Sulejman Rebac

Personal information
- Date of birth: 29 March 1929
- Place of birth: Mostar, Kingdom of Yugoslavia
- Date of death: 17 November 2006 (aged 77)
- Place of death: Mostar, Bosnia and Herzegovina
- Position(s): Striker

Senior career*
- Years: Team / Apps / (Gls)
- 1947–1954: Velež Mostar / 404 / (302)
- 1954–1957: Hajduk Split / 72 / (30)
- 1957–1958: Sarajevo / 28 / (19)
- Total:  / 504 / (351)

International career
- 1956: PR Croatia / 1 / (2)

Managerial career
- 1968–1976: Velež Mostar
- 1973–1974: Yugoslavia
- 1977–1978: Željezničar

= Sulejman Rebac =

Bosnian footballer (1929–2006)

Sulejman "Sula" Rebac (29 March 1929 – 17 November 2006) was a Bosnian football player and manager.

==Club career==
Rebac started playing football at FK Velež Mostar in 1947. In 1954, he moved to HNK Hajduk Split where he stayed for several seasons. He also played one season for FK Sarajevo. In total, he played more than 1000 games, scoring 620 goals. He is considered to be one of the most celebrated football players in history of Velež and Bosnia and Herzegovina.

==International career==
In 1956, Rebac made one appearance for the Croatia national team against Indonesia, in which he scored two goals.

==Managerial career==
After retirement, he began his coaching career. He started in 1963 as a coach of Velež Mostar. Although they had never won a title, Velež Mostar was among the top Yugoslav clubs at the time. Players like Dušan Bajević, Enver Marić, Franjo Vladić (the 'BMV' trio), Džemal Hadžiabdić, Vahid Halilhodžić, Aleksandar Ristić, Boro Primorac, Vladimir Pecelj, Momčilo Vukoje, Ahmed Glavović, Dubravko Ledić, Jadranko Topić, Marijan Kvesić, Marko Čolić and Slobodan Mrgan all made their names under the guidance of Sulejman Rebac. In the 1977–78 season, he was a coach of FK Željezničar Sarajevo.
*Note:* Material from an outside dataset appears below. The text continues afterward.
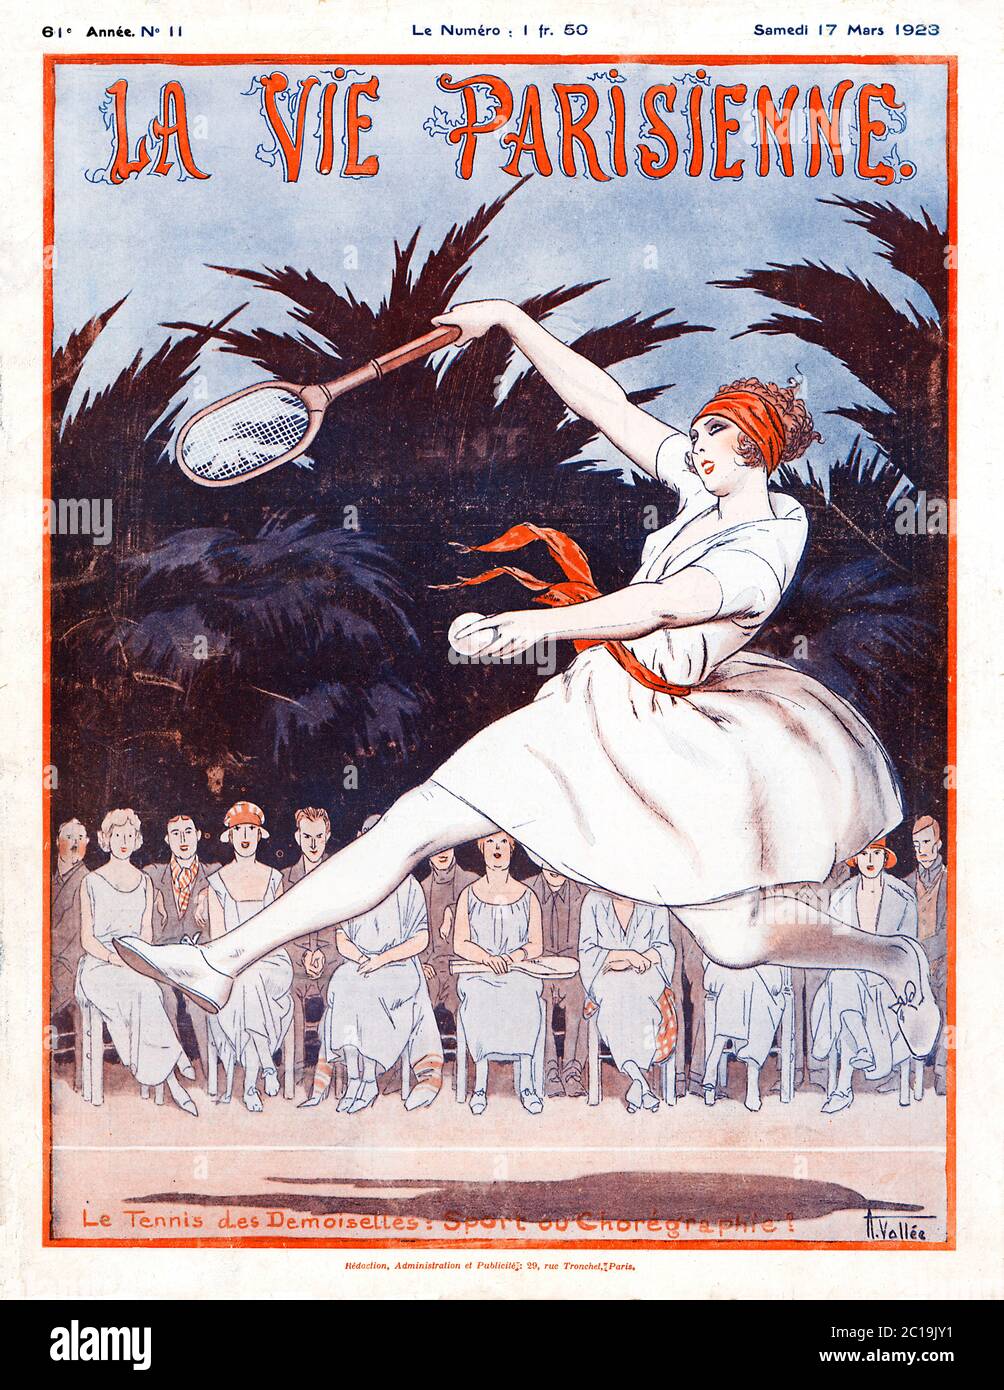 Tennis Des Desmoiselles, Sport ou coreographie? 1923 la rivista francese copre la grazia e la bellezza del tennis femminile Foto Stock

In December 1973, he was appointed to a coaching commission, alongside Miljan Miljanić, Milan Ribar, Tomislav Ivić and Milovan Ćirić, created to lead the Yugoslavia national team. As a part of it, he was present at the 1974 FIFA World Cup.

==Death==
Rebac died on 17 November 2006 in Mostar.

==Honours==
===Player===
Velež Mostar
- Yugoslav Second League: 1952

Hajduk Split
- Yugoslav First League: 1954–55

===Manager===
Željezničar
- Yugoslav Second League: 1977–78 (West)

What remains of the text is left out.